On the other hand, our findings reviled that, calcium levels were lowered in those who took vitamin C or “vitamin C plus 30 minutes/day endurance of PA” and “placebo plus 30 minutes/day of endurance PA”. The inverse relationship between calcium intake and plasma PTH levels has been widely studied at different ages and physiological stages in both humans and animals, in acute and long-term studies [41,42]. In the present study a decrease in calcemia values with the three types of intervention being more notorious for the exercise group than for the vitamin C supplementation group, suggesting an effect of exercise on calcemia, independent of vitamin C. Moreover, a complex relationship between calcium and PTH levels responses to PA have been observed previously [15,43]. Despite the beneficial effect of PA in treatment of low bone mineral density, high intensity PA are resulted in increased ionized calcium, no change in PTH levels, no longer have muscles mass and strength [44,45]. However, the disruption of calcium homeostasis is dependent on the duration of PA [46].

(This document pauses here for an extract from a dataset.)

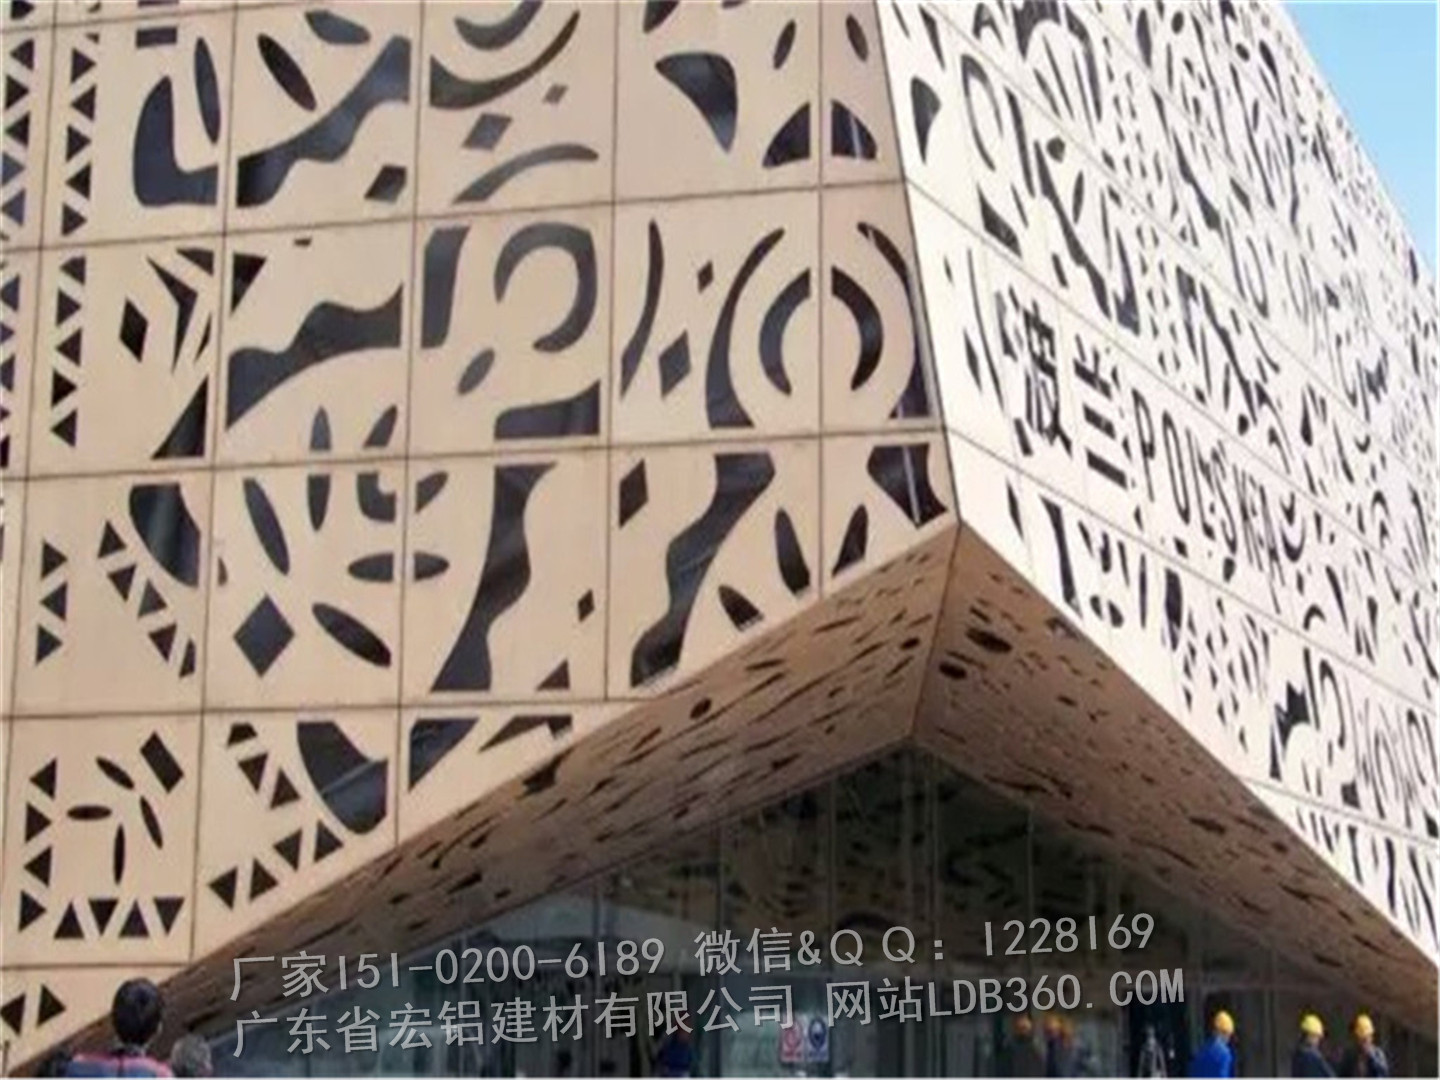 广州市环保铝幕墙厂家供应用于外墙装饰的环保铝幕墙，铝合金幕墙板，铝质幕墙板装饰材料

Finally, the findings of the present study shows that, MetS participants with vitamin C supplement plus 30 minutes/day of endurance PA were more PTH suppress in compared with both the placebo groups and those who only took vitamin C. In contrast to our finding, recent studies suggested that, higher levels of PTH were observed in higher physical active young person [42,47]. This change may be because of different in PA duration, age, gender, dietary habits, vitamin and mineral supplementation, as well as the characteristics of participants. Therefore, it need to be answer the hypothesis, if we increase the levels of vitamin C and normalize the PTH levels as well as retaining calcium balance, it is possible to prevent and decrease the prevalence of MetS. For all that, we are inattentive of former investigating in addition to vitamin C, hormones are also correlated with the MetS. Further studies are required.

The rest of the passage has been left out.